De son voyage initiatique réalisé en 1965 à son projet grandiose de l’île de Naoshima, le Centre Pompidou revient jusqu'au 31 décembre sur l’immense œuvre de l’architecte japonais Tadao Ando dans une exposition rétrospective singulière.
Mêlant ses influences européennes acquises au cours de ses voyages aux traditions et coutumes japonaises, Tadao Ando interroge les raisons d’être de l’architecture notamment dans son rapport au corps et à la matière.
Portrait Tadao Ando - Photo : Kazumi Kurigami - Centre Pompidou
C’est avec le béton, matériau phare de ses créations que l’architecte intègre au sein de ses volumes, les notions de temps et de lumière qui révèlent les formes primitives de l’espace.
Volumes, temps et lumière
C’est sur ces grands principes qui ont orientés la réflexion et l’ouvrage de l’homme, que débute l’exposition. Un ensemble de croquis et de maquettes viennent compléter les photographies monochromes des premières réalisations de l’architecte : une série de maisons basses (Maisons Azuma à Sumiyoshi, 1976) conçues dans son pays d’origine, le Japon.
D'abord mal comprises par ses contemporains, ces maisons ne seront vraiment reconnues qu'à partir de 1985, tandis que Tadao Ando reçoit la Médaille Alvar Aalto. Suivra ensuite une autre récompense de plus grande ampleur, le prix Pritzker, dont il est lauréat en 1995.
Espace de méditation, UNESCO, 1995 - Photo : Tadao Ando - Centre Pompidou
Entre le corps et l'habitat, Tadao Ando ne fait aucune distinction : la maison se fait espace interstitiel pour l’homme, elle se transforme en un lieu public partagé et donne vie à l’architecture.
Fidèle à ces principes, l’exposition se décline sous plusieurs sections qui présentent les aspects fondamentaux du travail d'Ando dans un univers de circulation ouvert qui laisse passer la lumière.
L'architecture et la nature
Le cheminement de pensée de Tadao Ando vers un rapprochement entre l’architecture et la nature emporte le visiteur vers la suite de l'exposition, qui présente des réalisations qui font particulièrement corps avec leur environnement.
Ce rapport fondamental à la nature amène l'architecte à s’interroger sur la reconstruction des paysages en intégrant dans ses ouvrages, des éléments naturels primaires comme la roche ou l’eau.
Il multiplie bientôt les réalisations pénétrées d’espaces et de circulations souterrains et propose une nouvelle expérience sensitive, comme avec le Temple de l'eau sur l'île Awajishima, situé en-dessous du niveau d'un plan d'eau.

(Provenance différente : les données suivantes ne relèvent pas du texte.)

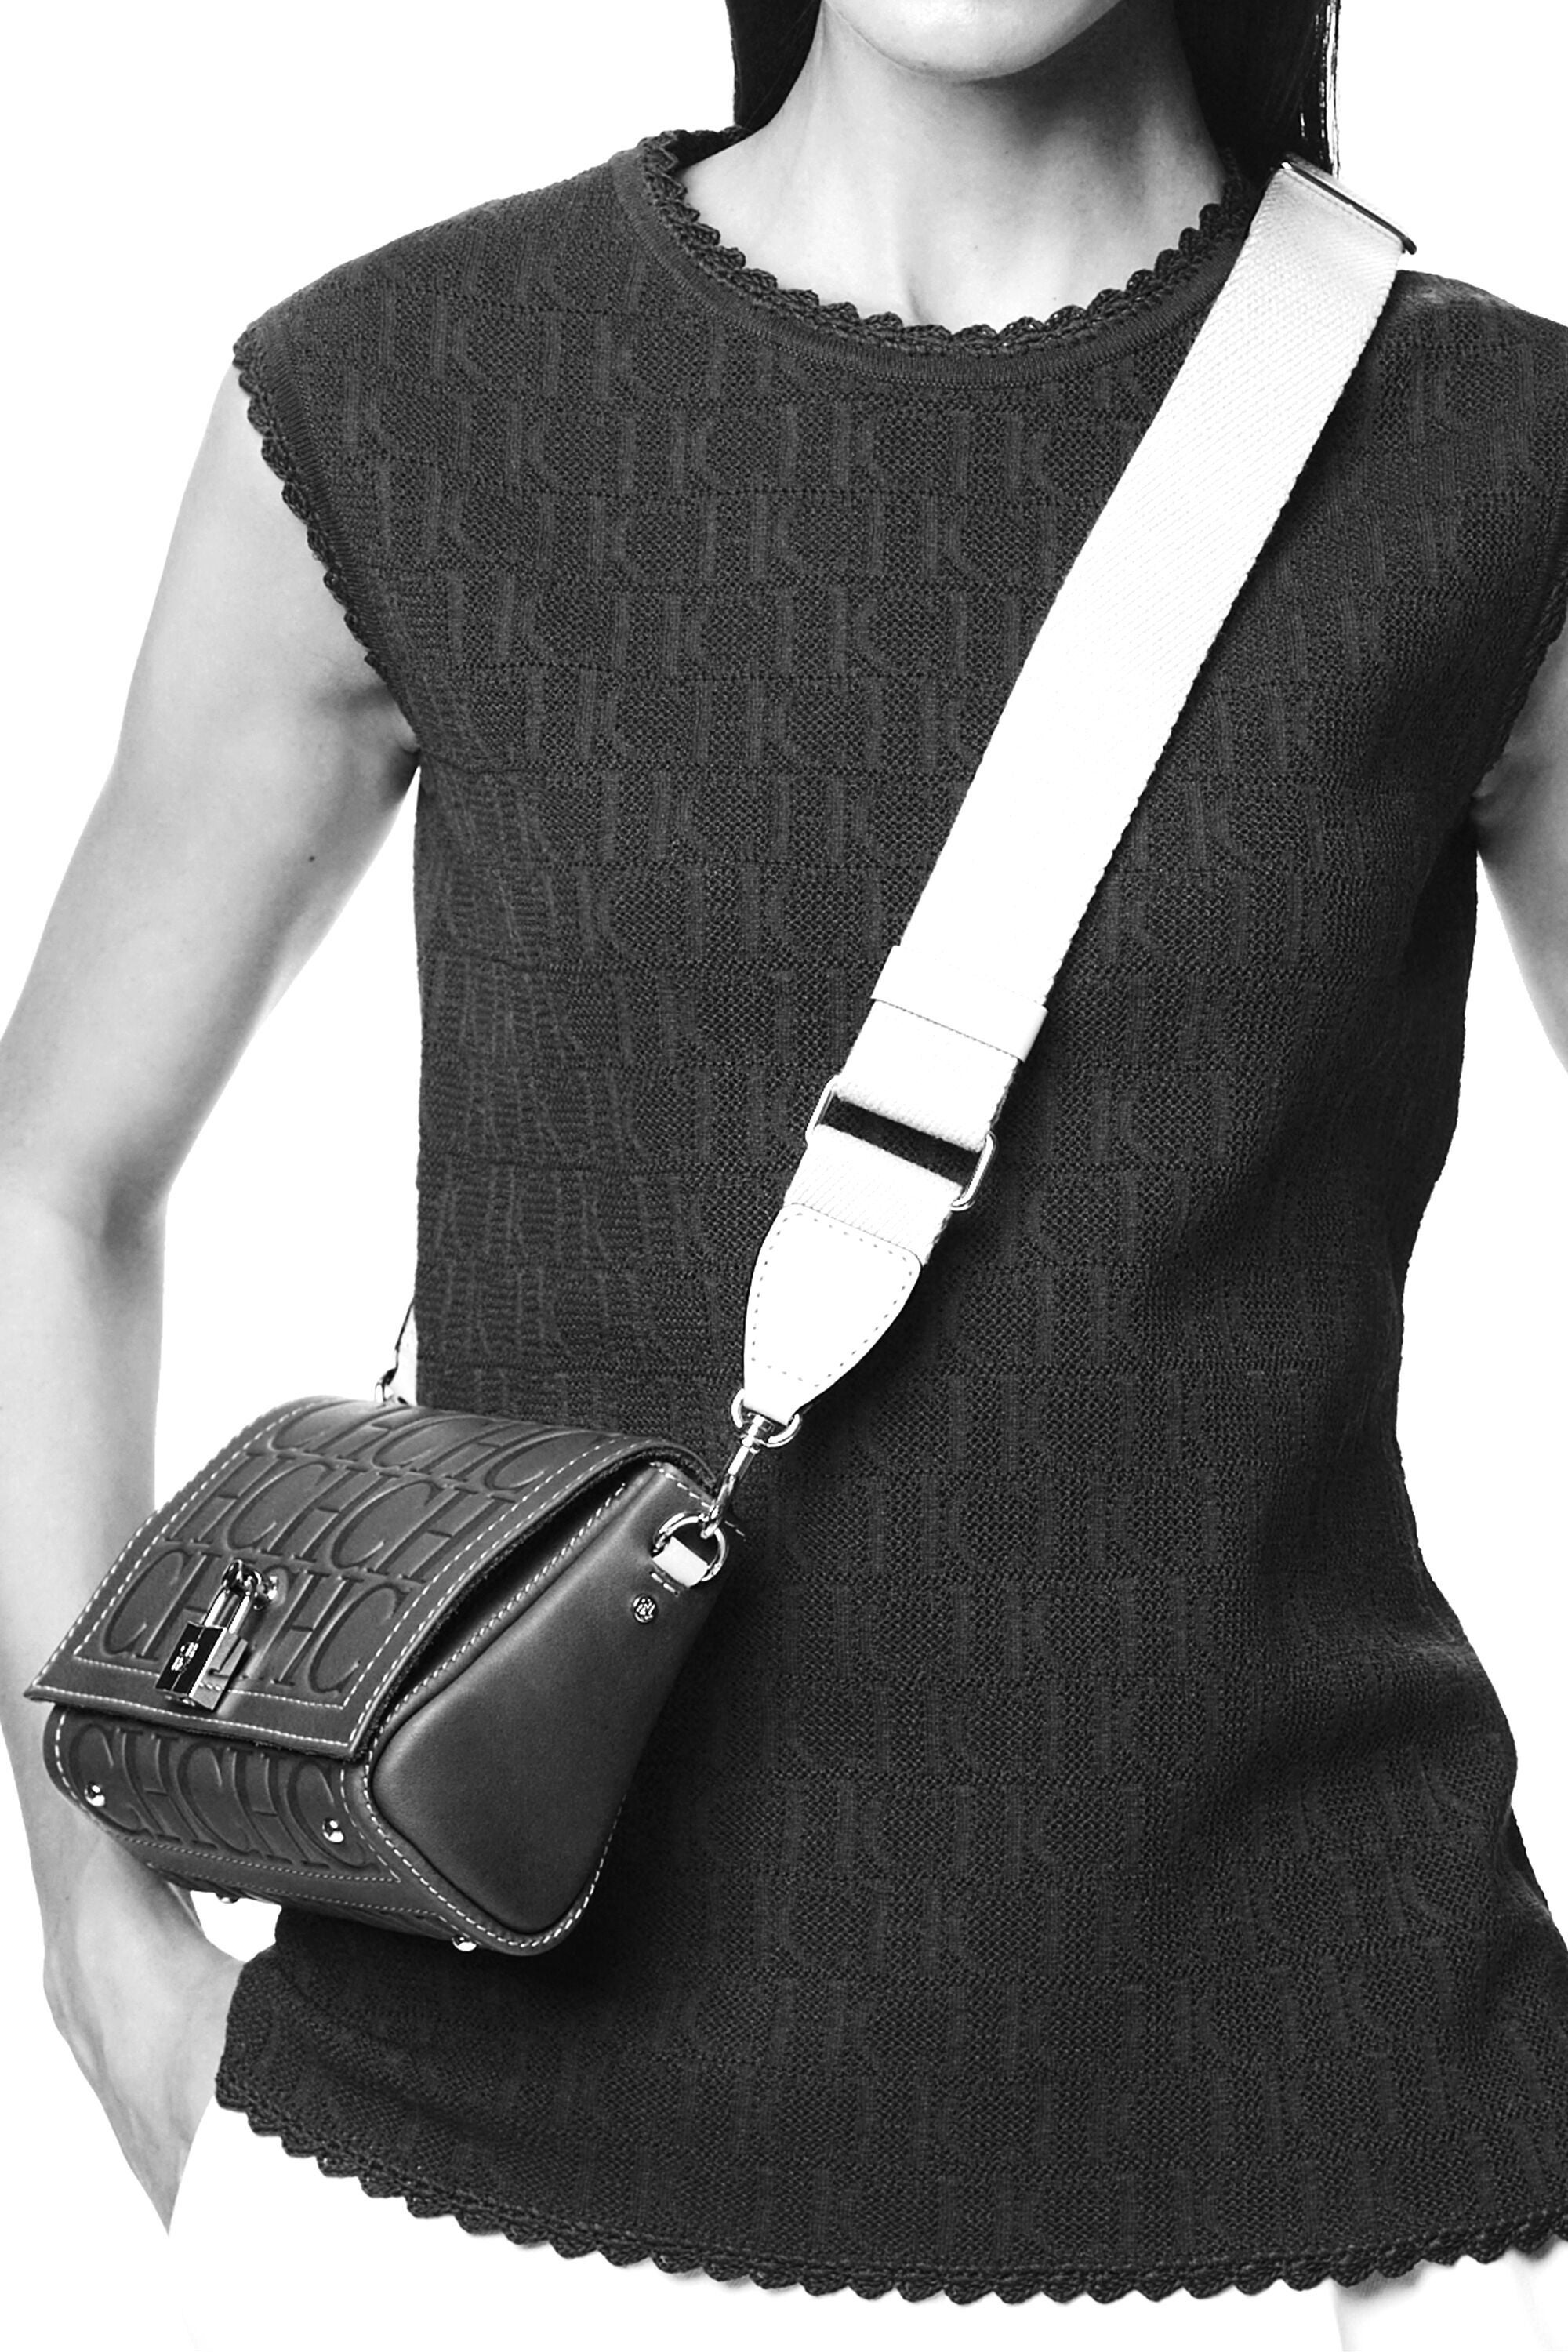 Carolina Herrera Black Crossbody Bag

Colline du Bouddha, 2015 - Shigeo Ogawa - Centre Pompidou
Un peu plus loin, l'exposition présente une des réalisations majeures de Tadao Ando, où il entreprend le pari fou de remodeler toute la topographie de l’île de Naoshima, située au sud du Japon. Un timelapse réalisé pour l'occasion revient sur la construction progressive de la colline du Bouddha, autour d'une statue présente initialement.
Le trait de l'architecte
A l'image des dernières expositions monographiques d'architectes présentées au Centre Pompidou, la scénographie reste ici assez sobre.
Outre l'immersion proposée au sein d'une installation de plan oval, où sont notamment projetées des images gigantesques, le regard du visiteur est attiré avant tout sur les projets de Tadao Ando, représentés en maquette, notamment de grandes tailles et en béton, en vidéo, croquis et autres photographies.
Musée d'art de Chichu, 2004 - Photo : Tadao Ando Architect & Associates - Centre Pompidou
Le "trait" de l'architecte, qui avait été si bien valorisé par les esquisses de Frank Gehry montrées ici-même en 2014, se retrouve aujourd'hui avant tout dans les grands dessins minutieux réalisés au crayon.
C'était sans compter sur les facéties de Tadao Ando, qui ont offert encore à l'exposition un nouveau degré de lecture. Marqueur bleu en main lors des premières présentations de l'exposition, l'architecte s'est empressé de rajouter des dizaines de croquis imprévus à même les cimaises du Centre Pompidou.
Les croquis de Tadao Ando improvisés sur les cimaises du @CentrePompidou : l’expo dans l’expo pic.twitter.com/CkhW1VOz31
— David Abittan (@david_abittan) 9 octobre 2018
Autant que les bâtiments présentés, la Galerie 3 du musée devient elle-même d'autant plus un véritable espace de liberté. Portées par un air de piano, les œuvres se répondent dans un ensemble cohérent et fluide pour le visiteur, qu’il soit amateur ou averti.